AT&T (NYSE: T) has gotten permission from the FCC to withdraw its proposed tariff changes on TDM-based special access services it sells to competitive service providers.

It also said that it would grandfather certain optional term plans on special access services.

However, this move is hardly a real win for the CLEC community. The telco still plans to file another proposal to increase special access rates.

"Given the changes are a necessary part of the transition from TDM-based services to all IP-based services, we intend to re-file these tariff changes very soon," AT&T wrote in its filing.

This news drew fire from competitive carrier Sprint (NYSE: S), which uses AT&T's TDM-based circuits to deliver business services and for wireless backhaul.   

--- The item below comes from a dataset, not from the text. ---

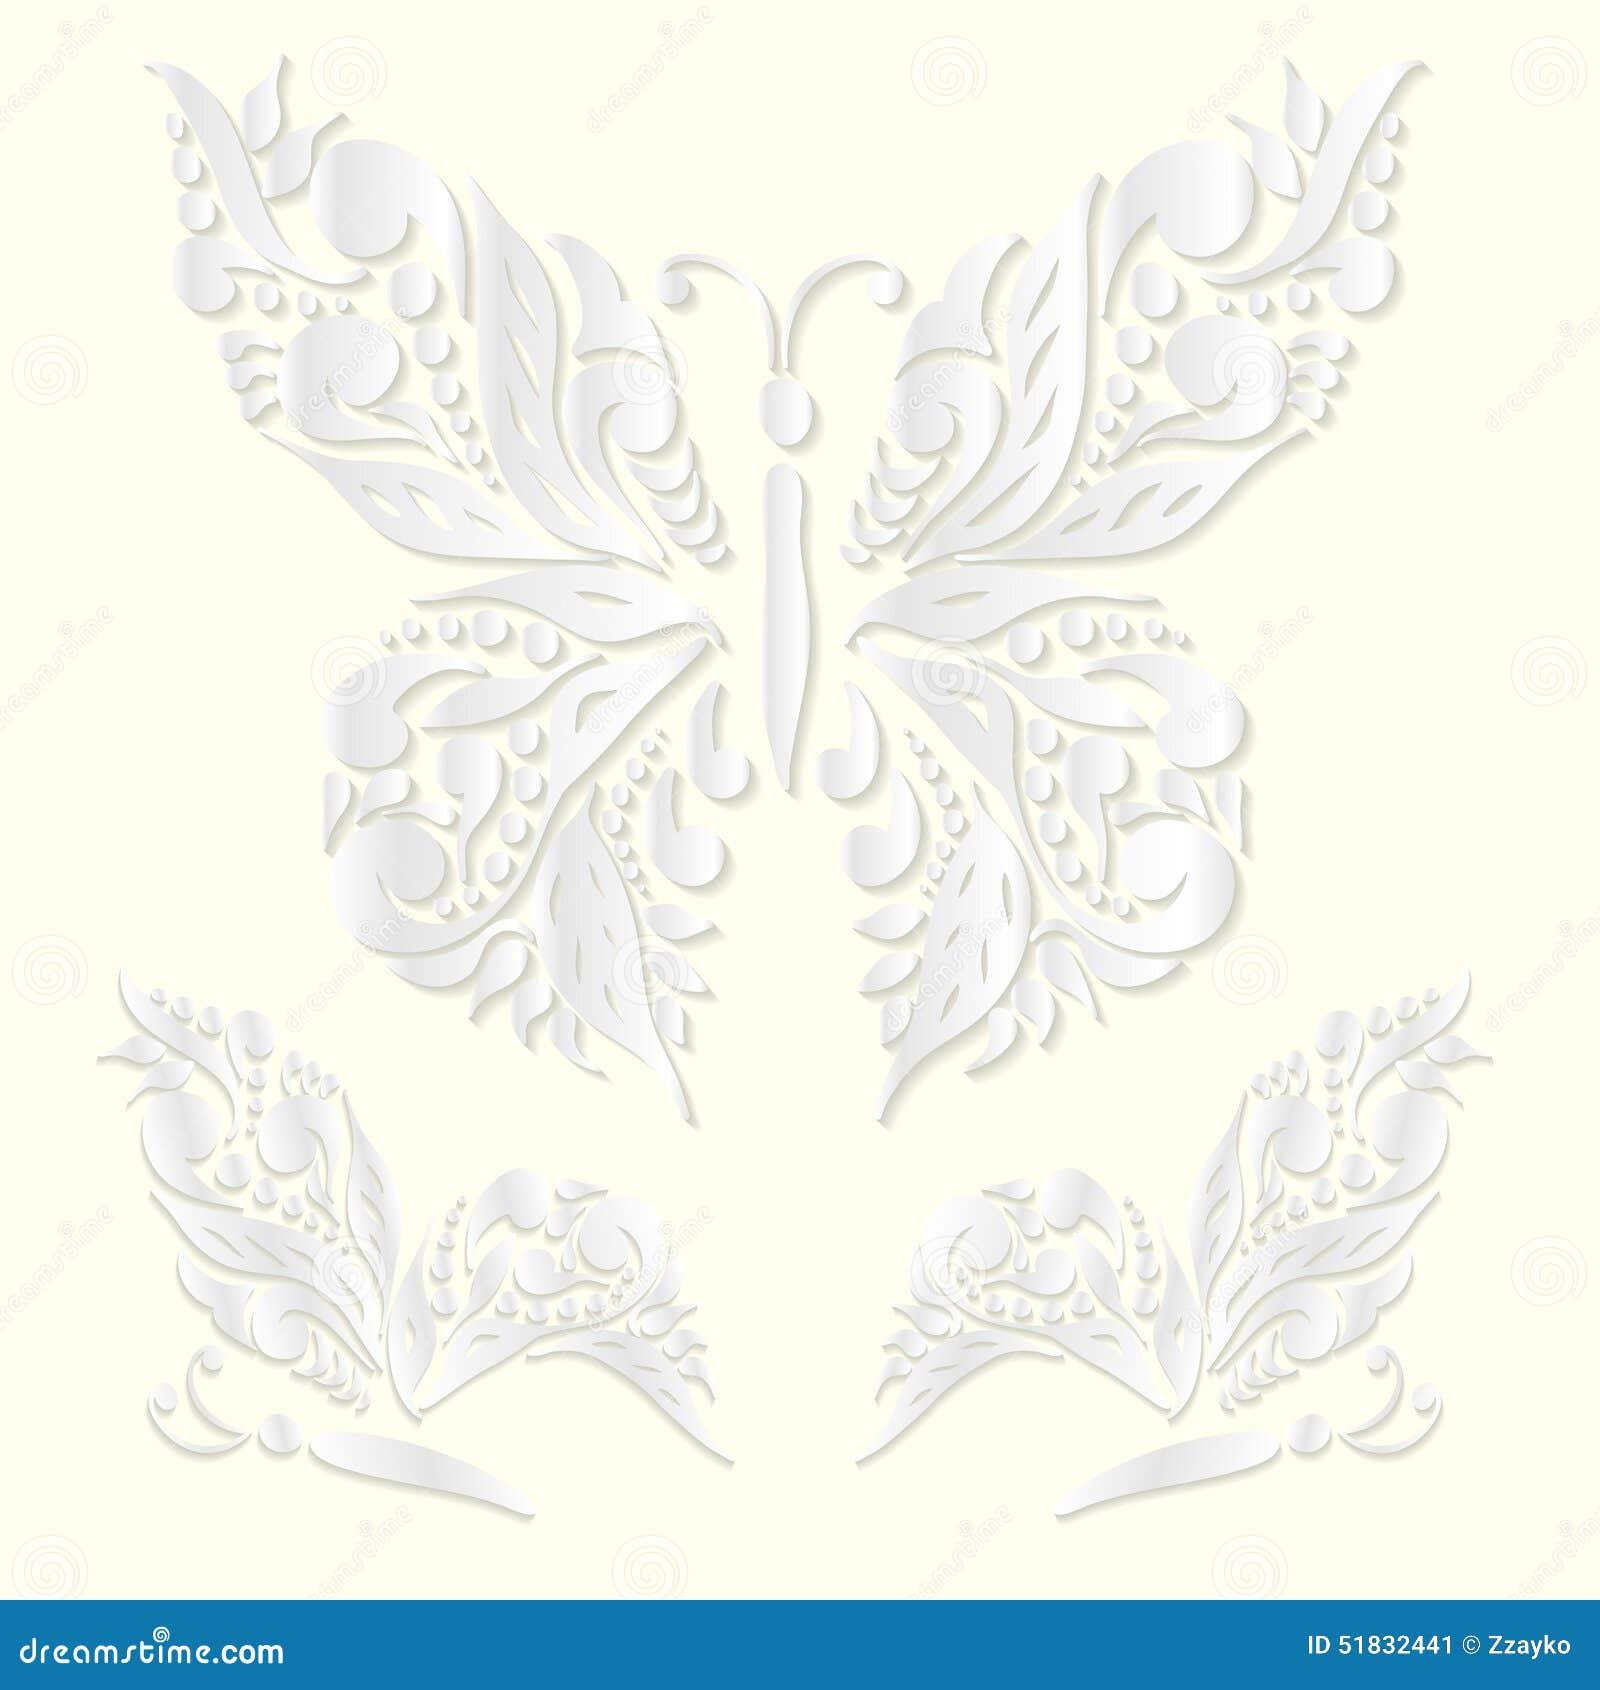 set of decorative vector butterflies cartoon vector

"Today, AT&T has delivered good news and bad news to the manufacturers, financial institutions, retailers, educational institutions and telecom companies who purchase its special access circuits," said Charles McKee, vice president of Government Affairs for Sprint in a statement. "The good news is that AT&T has withdrawn its planned special access rate hike announced last year; the bad news is the company intends to refile the tariff meant to hike rates. This move does give the FCC more time to consider AT&T's ill-conceived move. We remain hopeful that the FCC will stop this rate hike which will hurt job creation and harm innovation across virtually every sector of the economy."

The NoChokePoints Coalition, a group that represents competitive service providers, expressed similar concerns.

"That a company could unilaterally announce its intention to raise prices on these critical high-speed broadband lines is yet another indication of market failure," the Coalition said in a statement. "Only in a collapsed marketplace could a carrier so casually announce price increases without fear that customers will seek services elsewhere."

According to Sprint and other competitive carriers, AT&T and Verizon (NYSE: VZ) collectively own an estimated 80 percent of the special access market.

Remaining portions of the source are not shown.